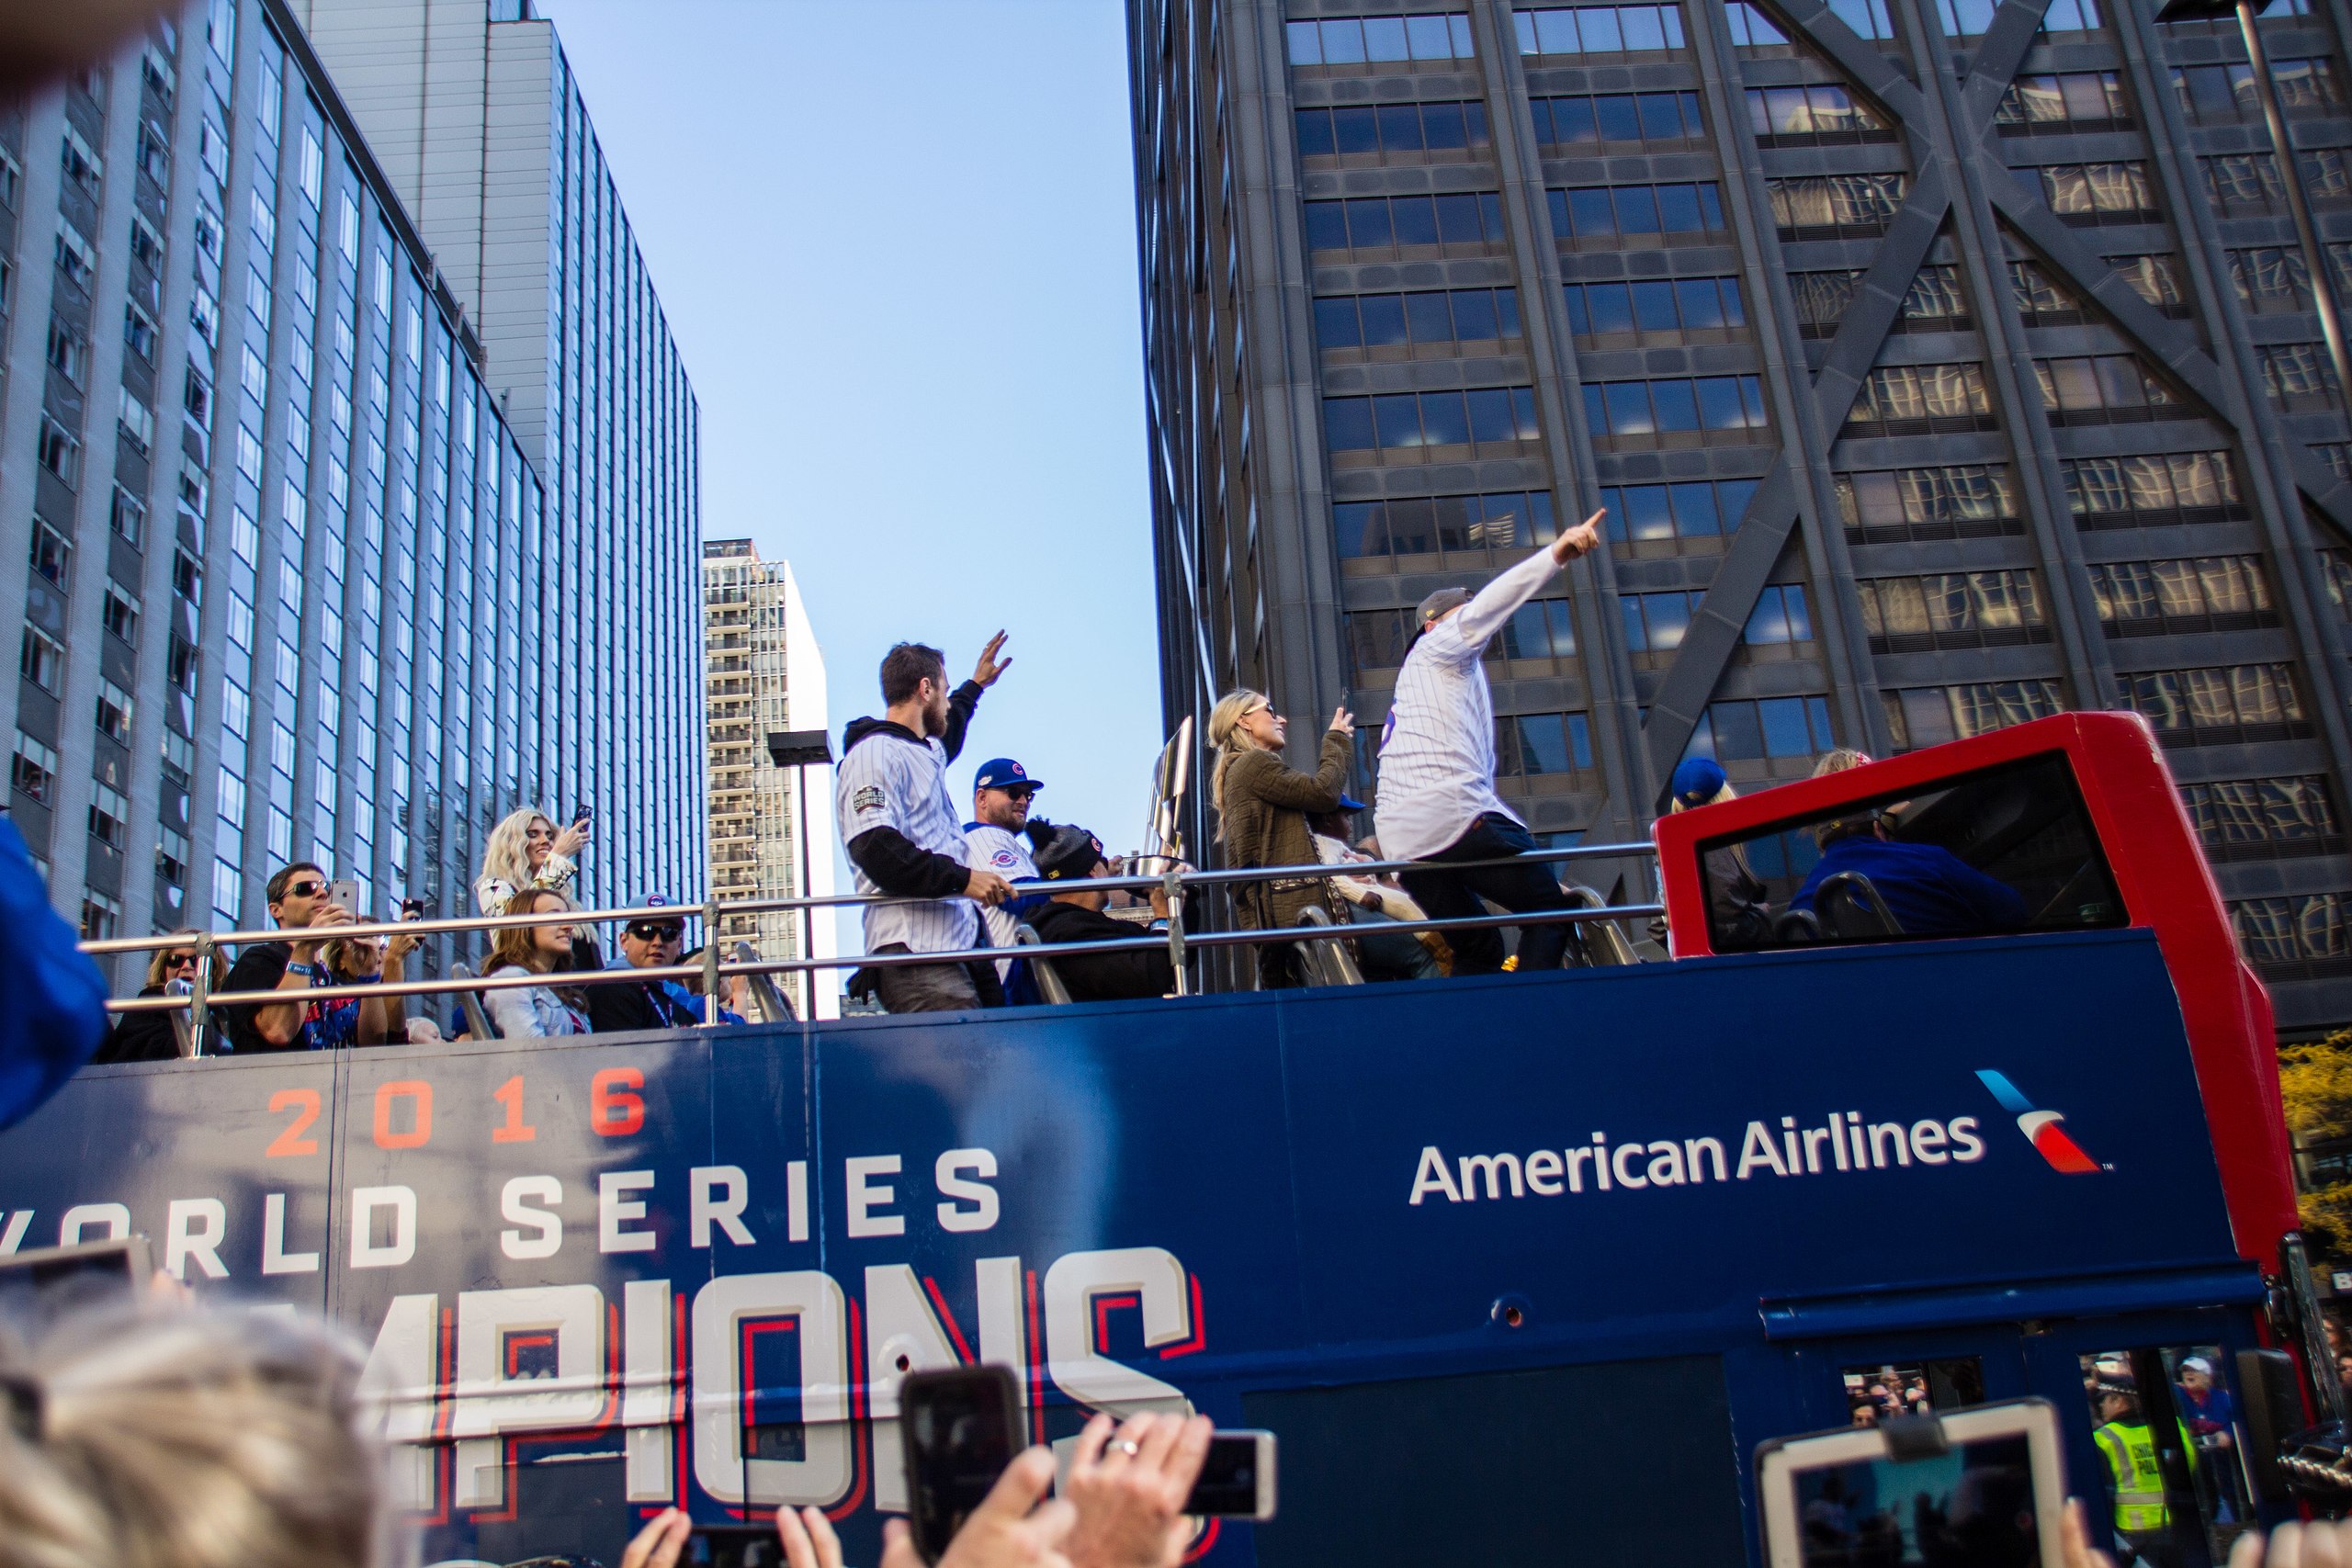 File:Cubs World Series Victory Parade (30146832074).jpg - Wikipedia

= = = =

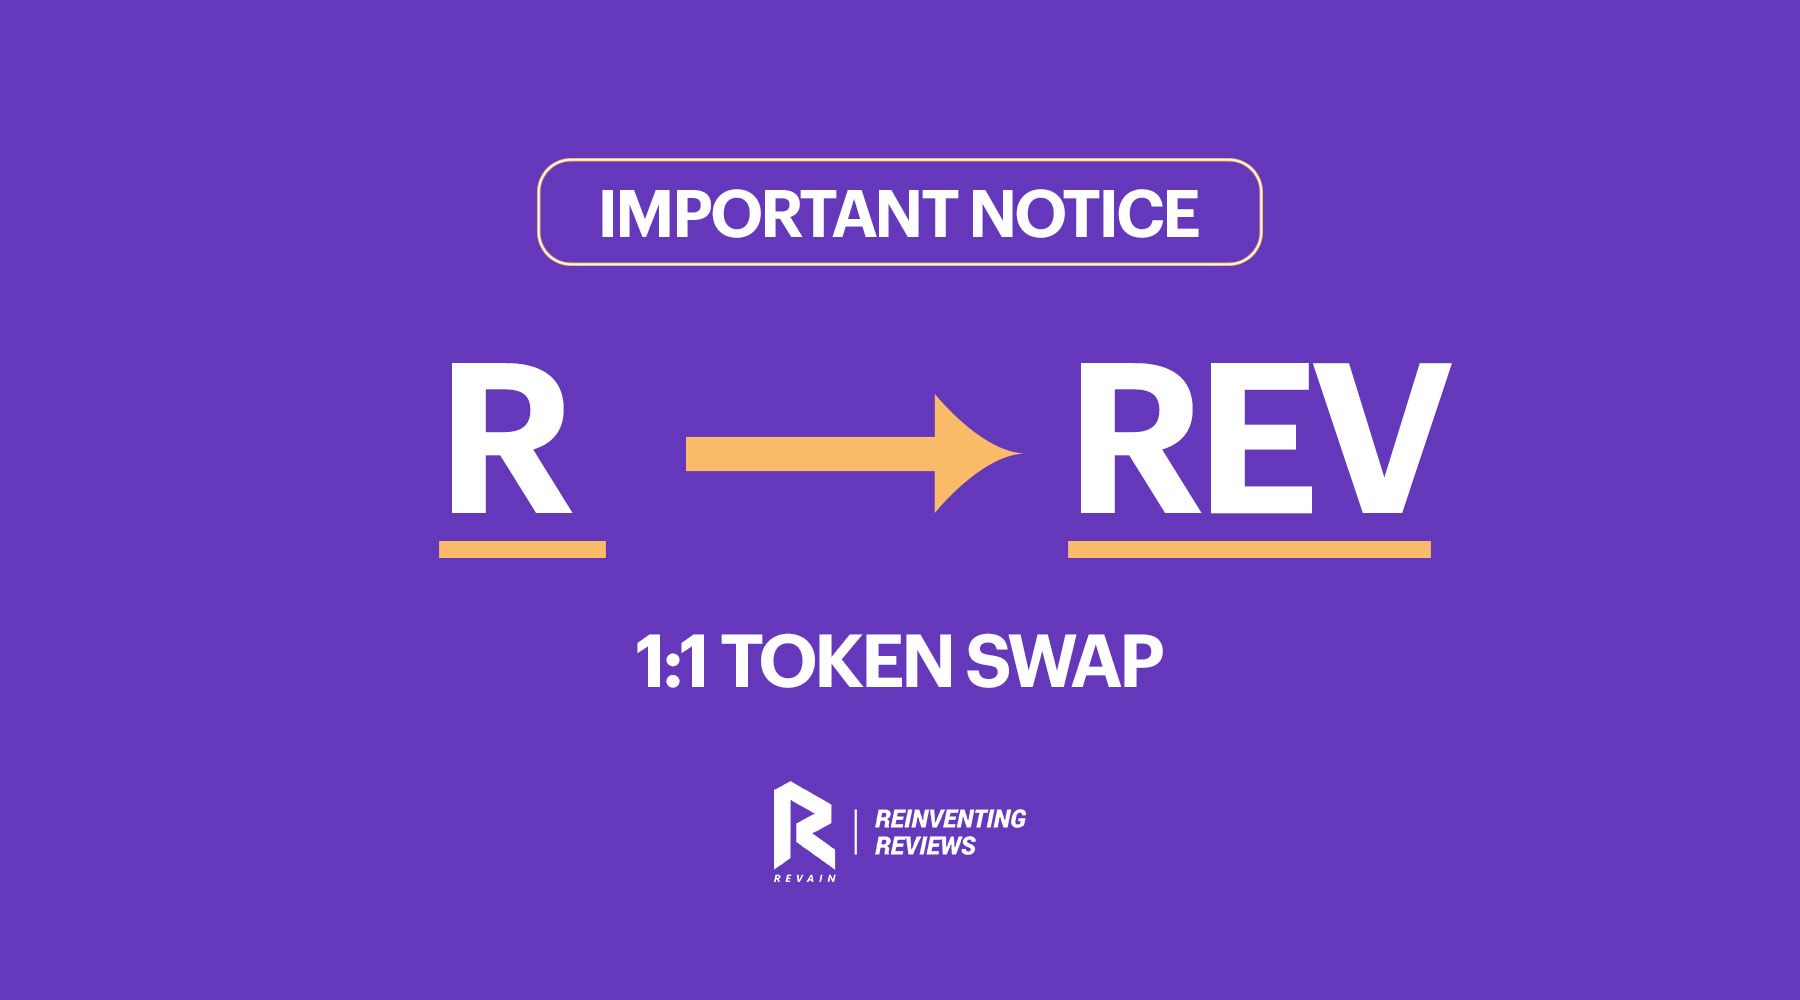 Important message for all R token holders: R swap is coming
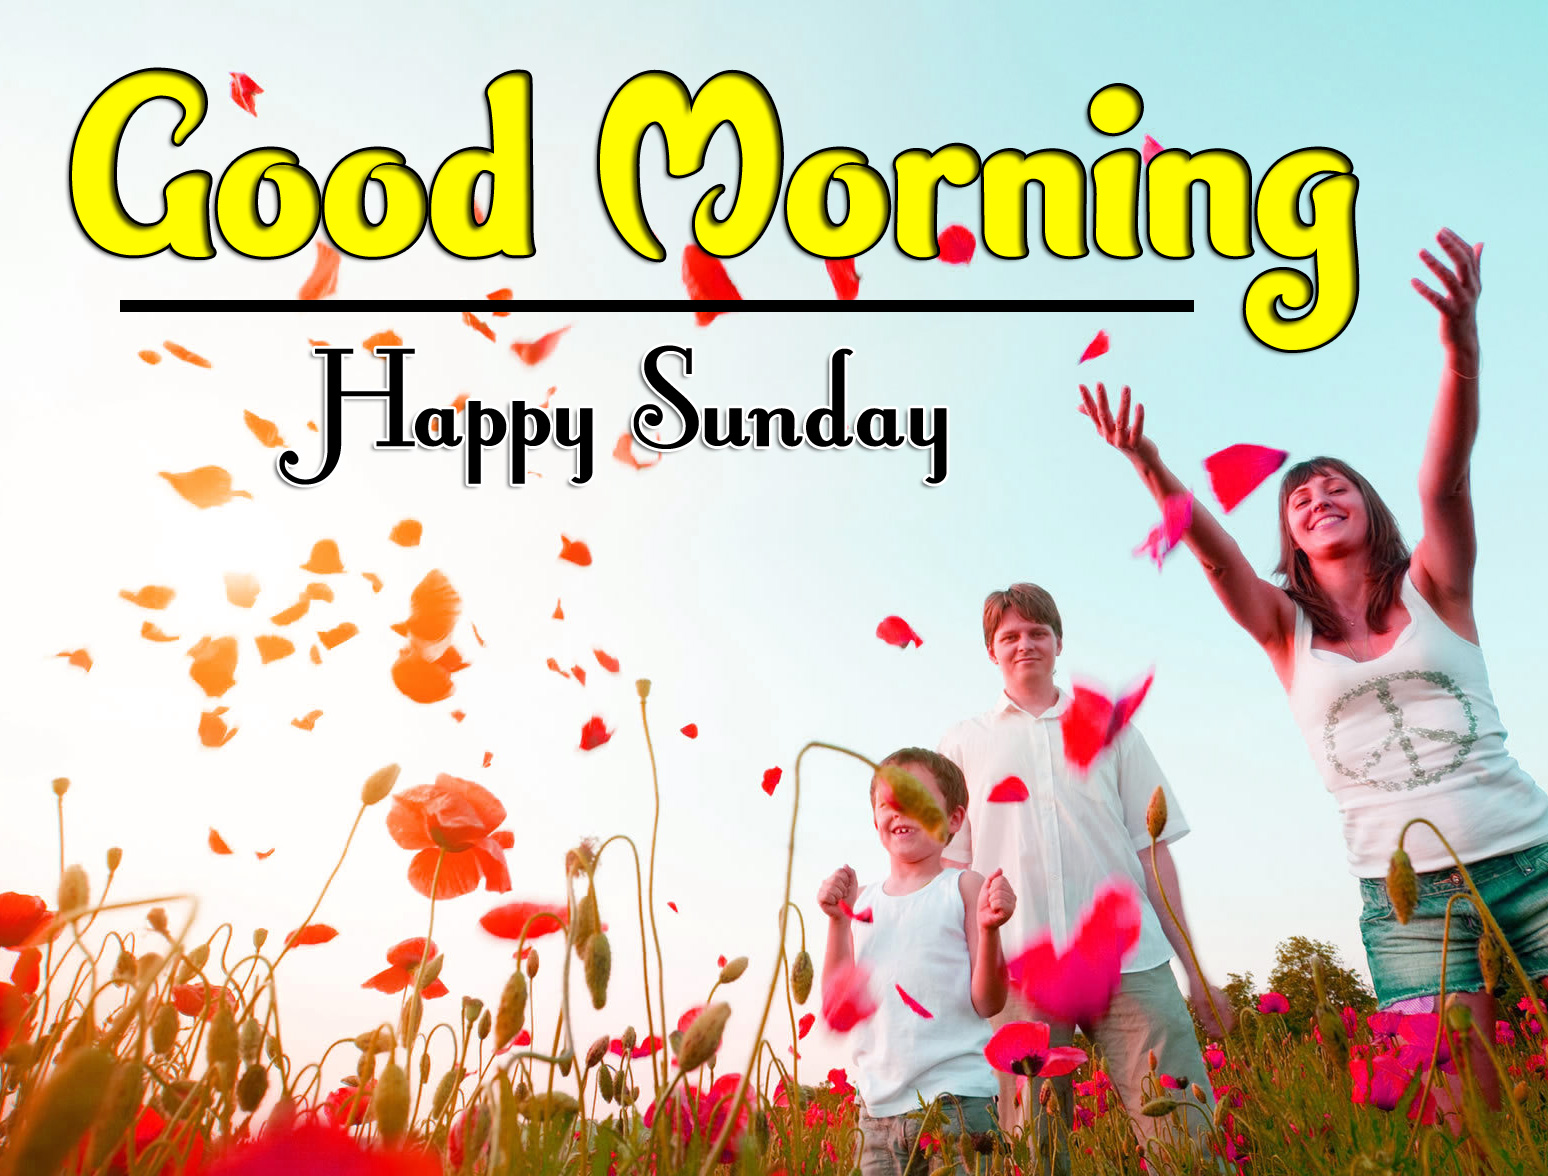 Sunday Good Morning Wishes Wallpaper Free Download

= = = =

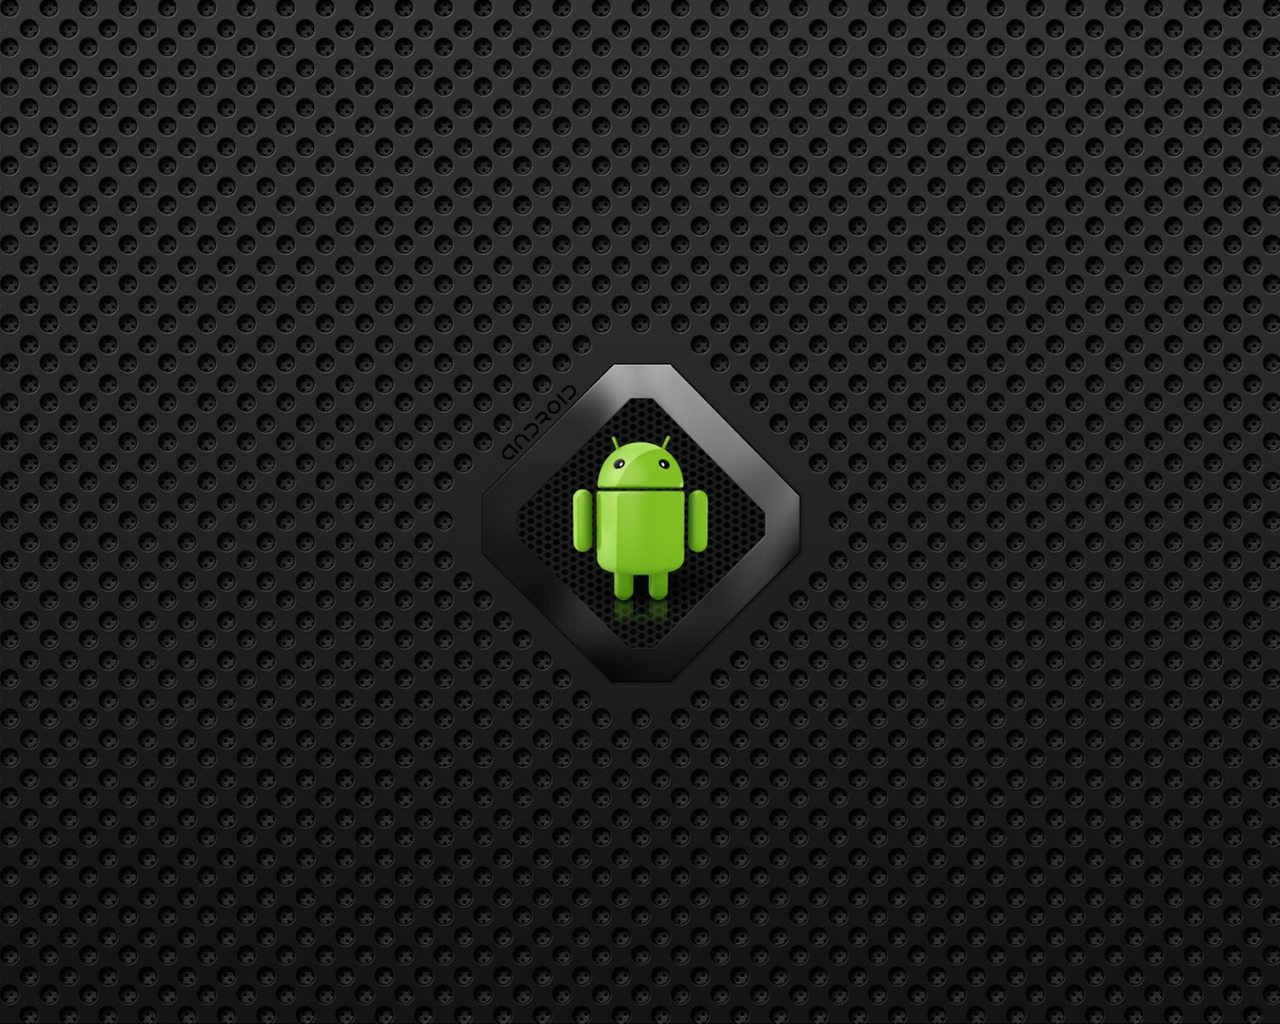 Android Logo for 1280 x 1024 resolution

= = = =

» TASK REQUIREMENTS:
Once the line with "Important message for" is found in the data above, reproduce it and each line after it exactly, through the line with "Sunday Good Morning". Omit the pictures.

» EXERCISE RESULT:
 Important message for all R token holders: R swap is coming
 Sunday Good Morning Wishes Wallpaper Free Download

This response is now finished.